→ **Required action**
Could you set down exactly the lines of the data below, starting at the one that holds "Dimensions: D 90 x W 130 x H 32 cm." and ending at the one that holds "Available in three", both included, and only those?

→ **Supplied material**

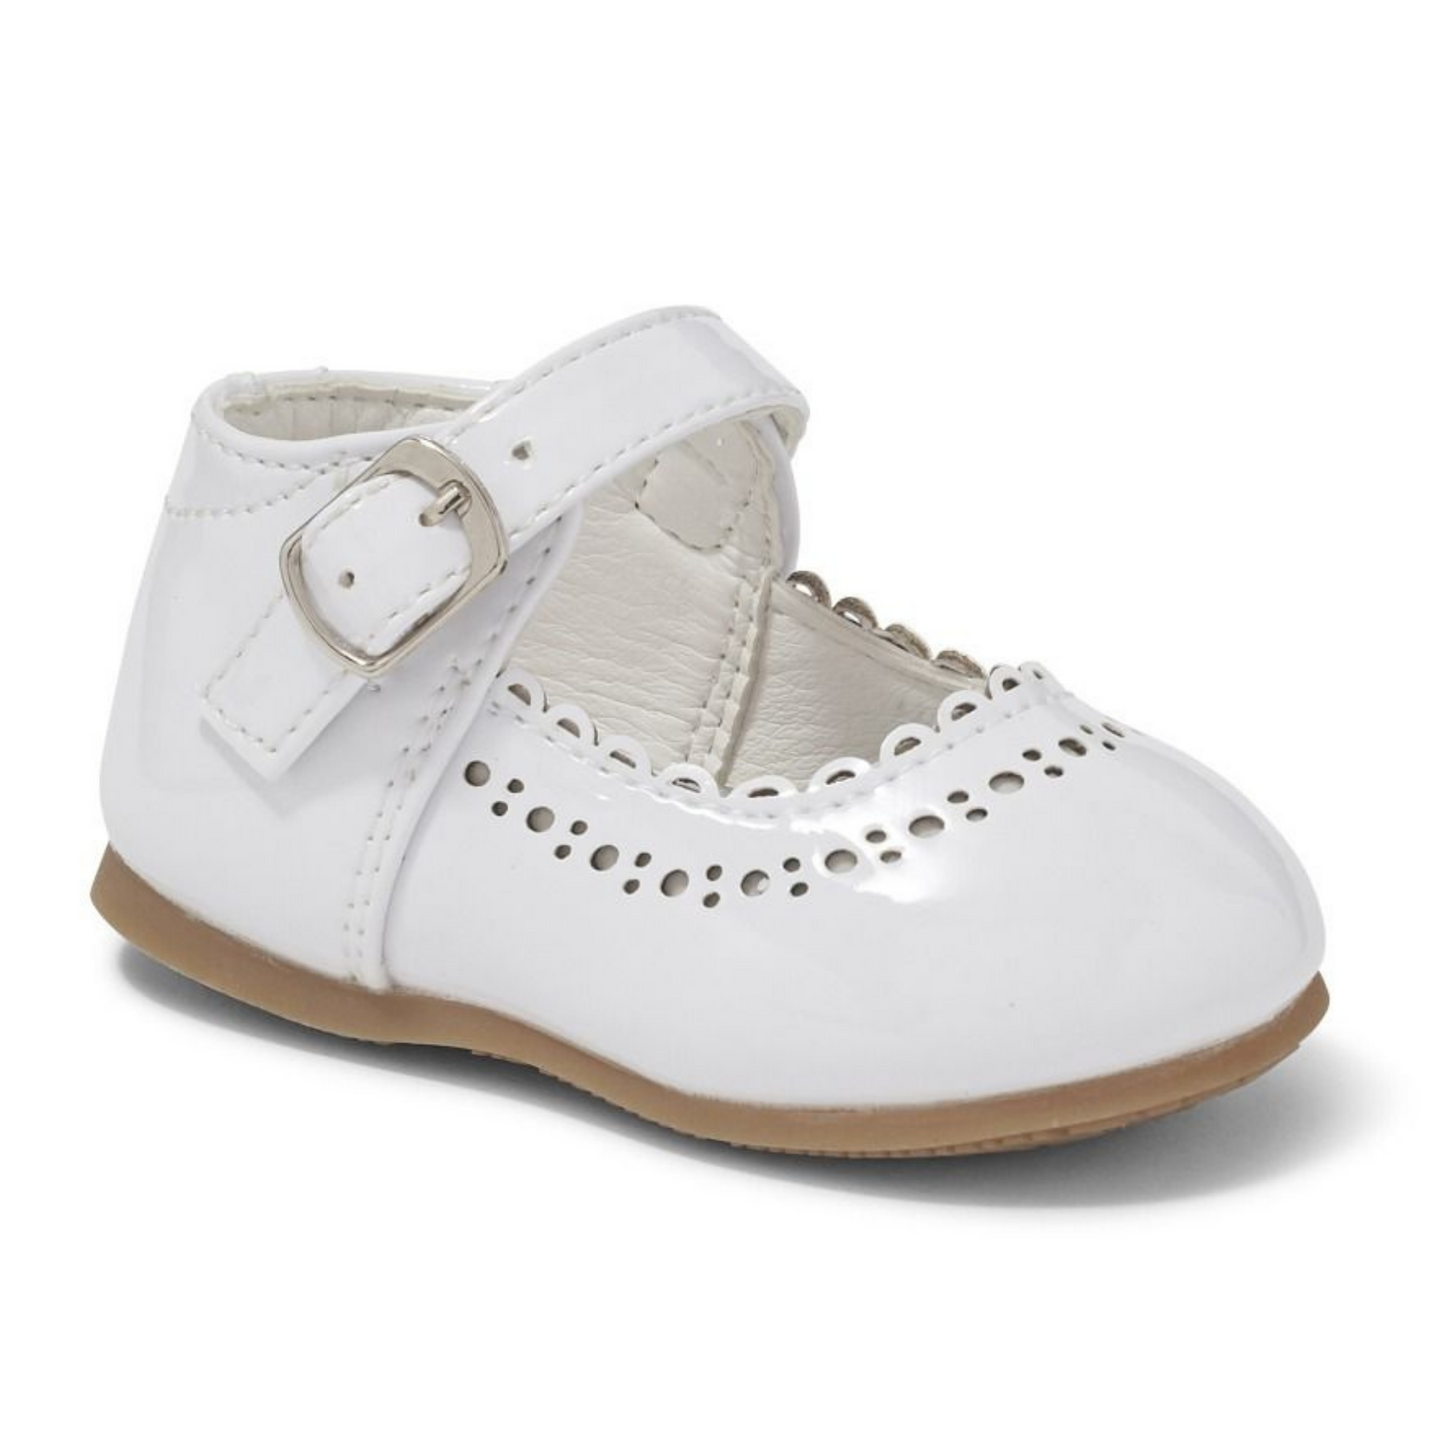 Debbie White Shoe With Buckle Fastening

* * *

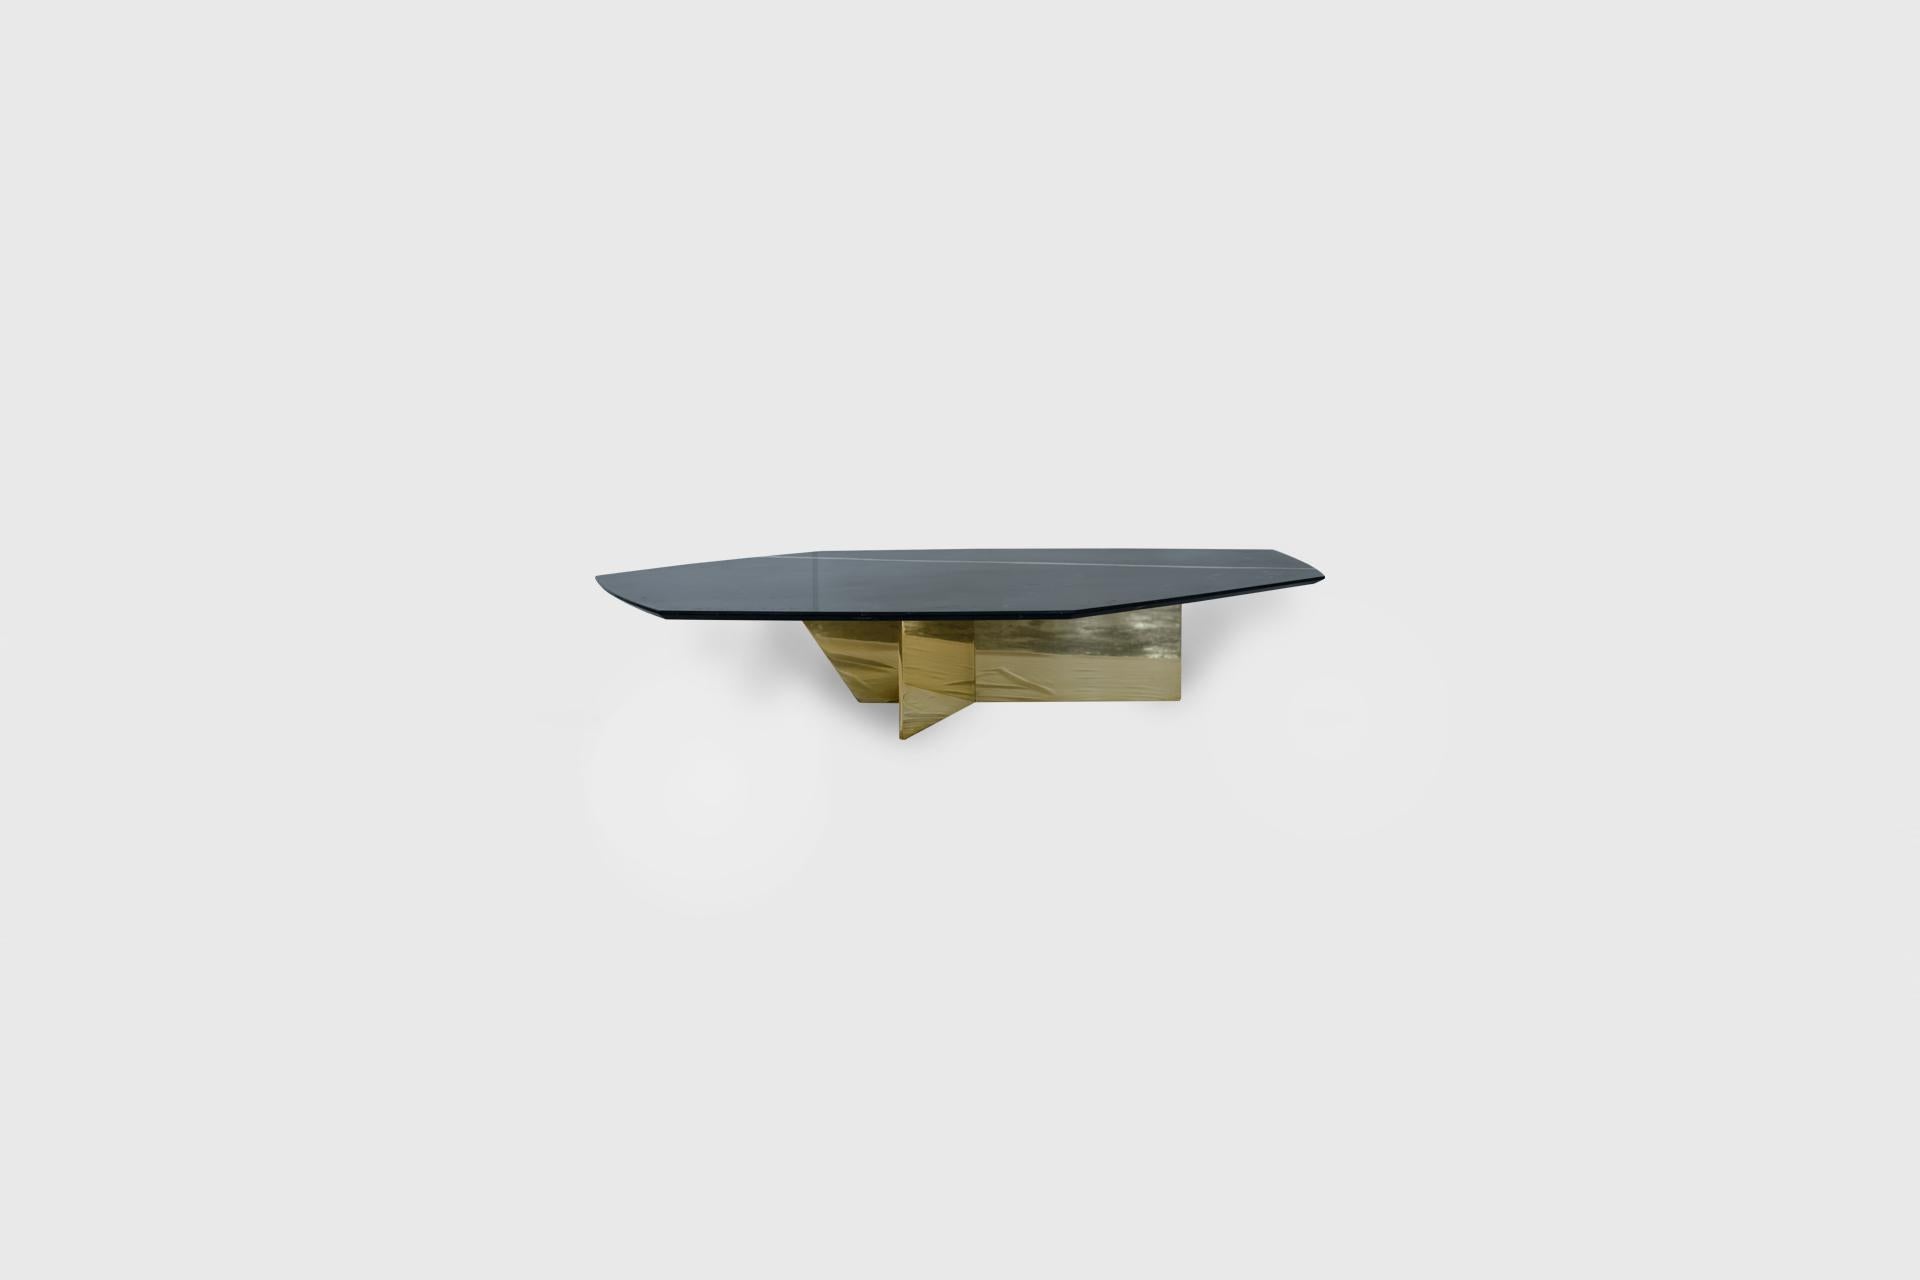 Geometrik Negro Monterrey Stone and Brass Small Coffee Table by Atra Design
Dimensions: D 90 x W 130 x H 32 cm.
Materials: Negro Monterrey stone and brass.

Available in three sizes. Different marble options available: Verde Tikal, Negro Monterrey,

* * *

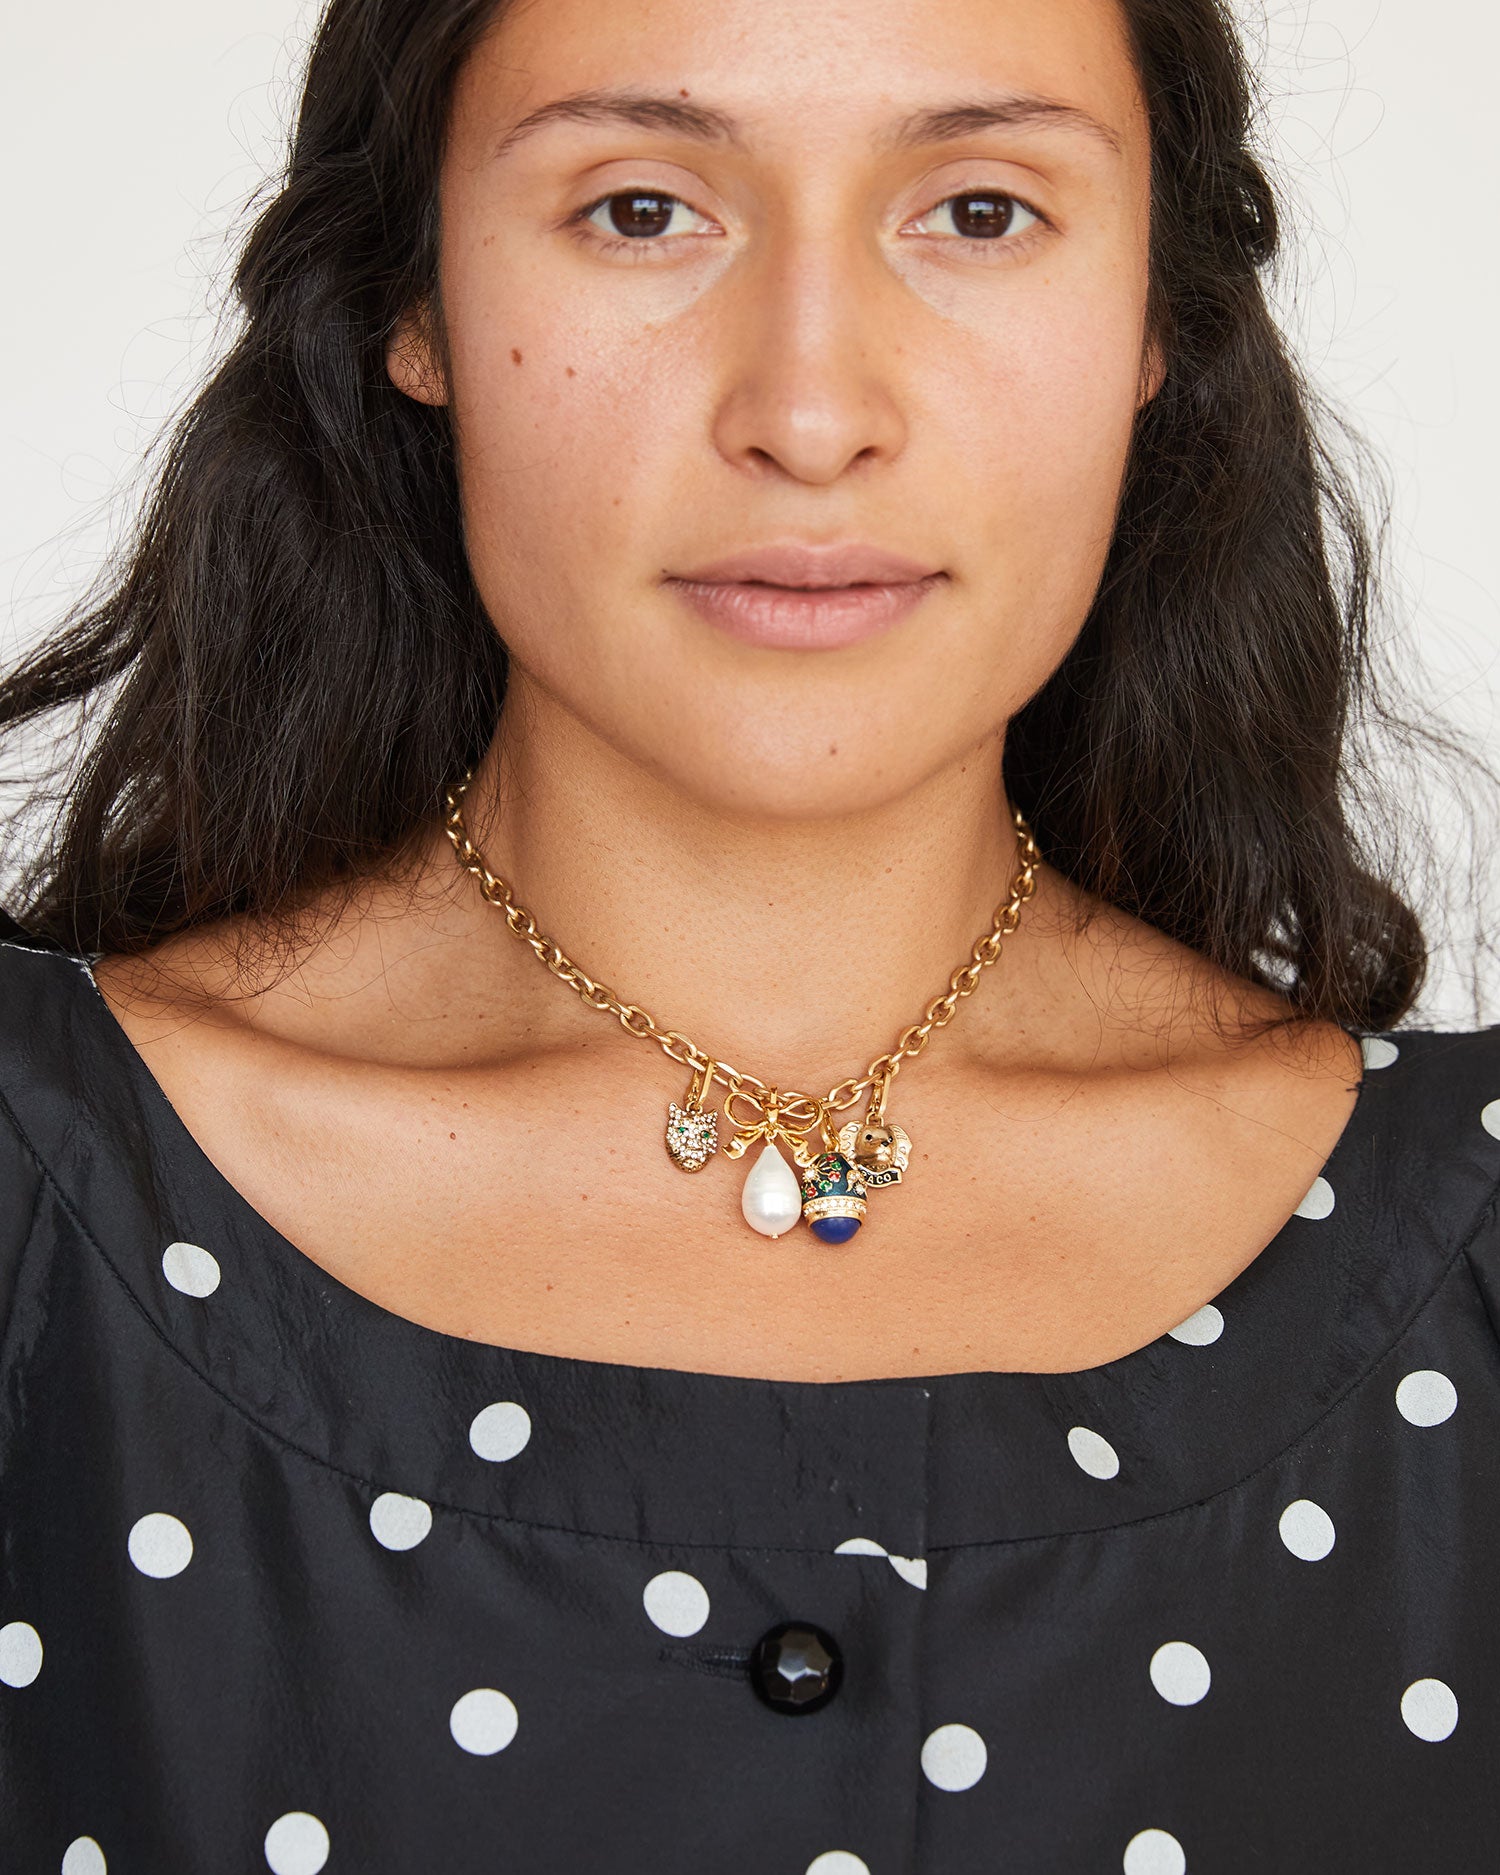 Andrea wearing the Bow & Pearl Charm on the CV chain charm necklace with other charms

→ **Solution to the problem**
Dimensions: D 90 x W 130 x H 32 cm.
Materials: Negro Monterrey stone and brass.

Available in three sizes. Different marble options available: Verde Tikal, Negro Monterrey,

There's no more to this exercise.